The 1960 amendment to section 4 reads as follows:
The amount recovered in proceedings under this chapter shall be for the exclusive benefit of the persons entitled to take any intestate personal property of the decedent, and in the proportions in which they are entitled to take the same. If any of the persons so entitled were dependent on the decedent at his death, they shall take the same as though they were sole persons so entitled, in such proportions, as shall be determined by the court without a jury, and as will result in a fair and equitable apportionment of the amount recovered, among them, taking into account in such determination, but not limited necessarily thereby, the age of the dependents, their physical and mental condition, the necessity or desirability of providing them with educational facilities, their financial condition and the availability to them of other means of support, present and future, and any other relevant factors which will contribute to a *460 fair and equitable apportionment of the amount recovered. [N.J.S.A. 2A:31-4; emphasis added]

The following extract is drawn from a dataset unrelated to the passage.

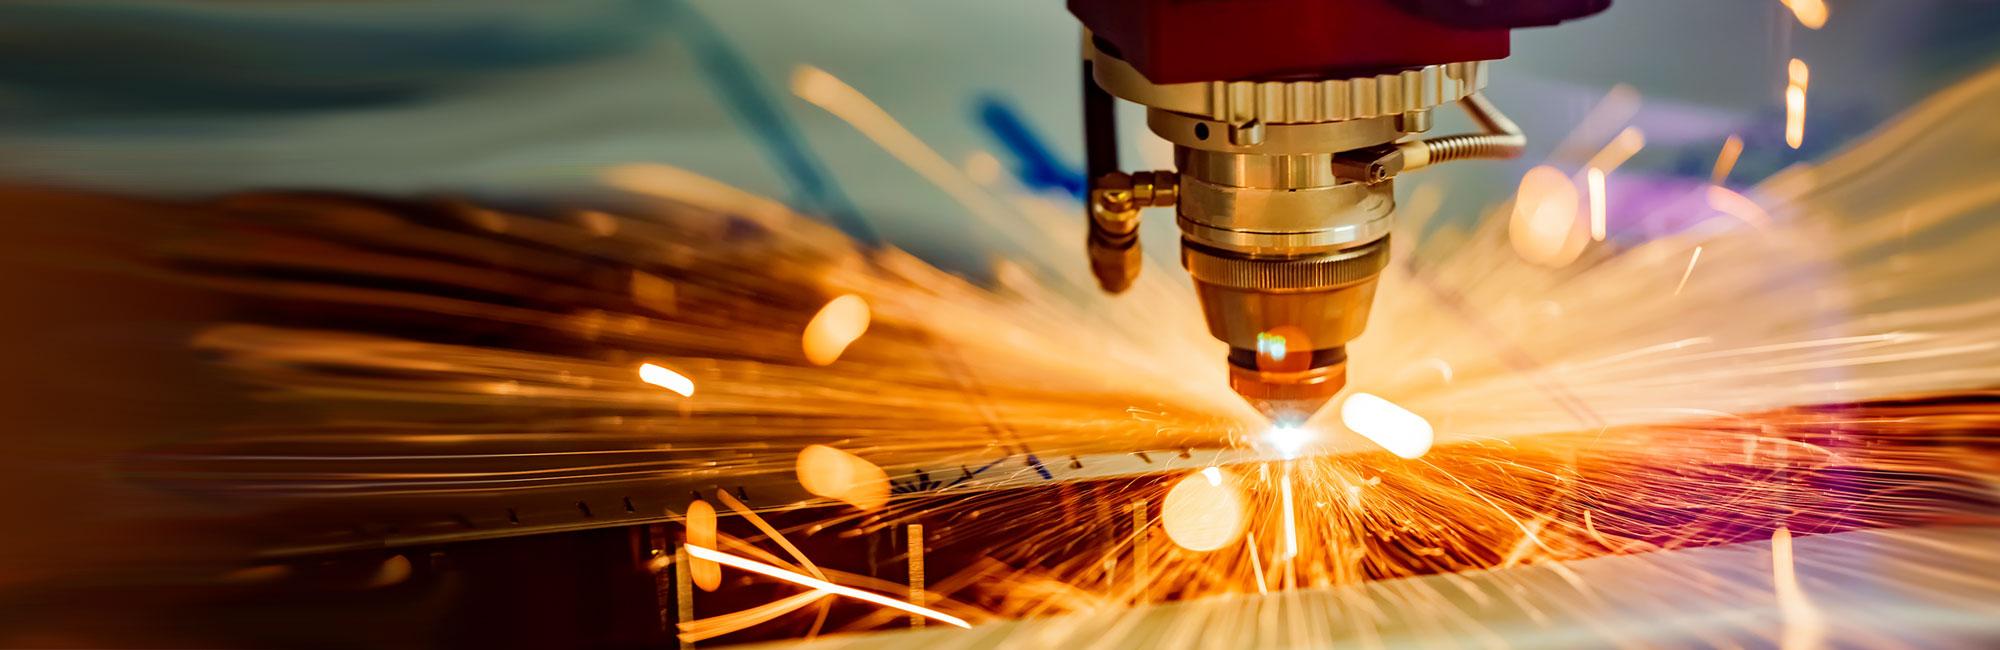 Fab X Industries laser fabrication

This provision implements N.J.S.A. 2A:31-5 which gives expression to the general legislative purpose of repairing the loss of reasonable expectation of pecuniary advantage suffered by the statutory beneficiaries as a result of the death of the decedent:
* * * [T]he jury may give such damages as they shall deem fair and just with reference to the pecuniary injuries resulting from such death * * * to the persons entitled to any intestate personal property of the decedent. [N.J.S.A. 2A:31-5]
Although it would ordinarily appear to be desirable that a hearing, as described in Jurman, supra, at 602, be conducted upon a plenary basis, with a full development of the evidence, we conclude that the salient facts concerning the family situation and the individuals involved sufficiently appear from the record to permit resolution of the issue presented. In this connection we note that these proceedings were essentially adversary in character. The guardian ad litem not only filed a complete report based upon a full inquiry into the "particular family situation and individuals involved," but also filed a brief on this appeal in support of his recommendations.
The record discloses the following:
Decedent Juan J. Suarez, a native and citizen of Spain, but a resident of this State, died instantly on November 5, 1968 as a result of an automobile accident. He left no will. He was then 36. His wife, the plaintiff, then enceinte, was 25. They had been married less than a year. The child was born a few days after decedent's death. Decedent had a life expectancy of 35.49 years. That of Mrs. Suarez was 51.75 years.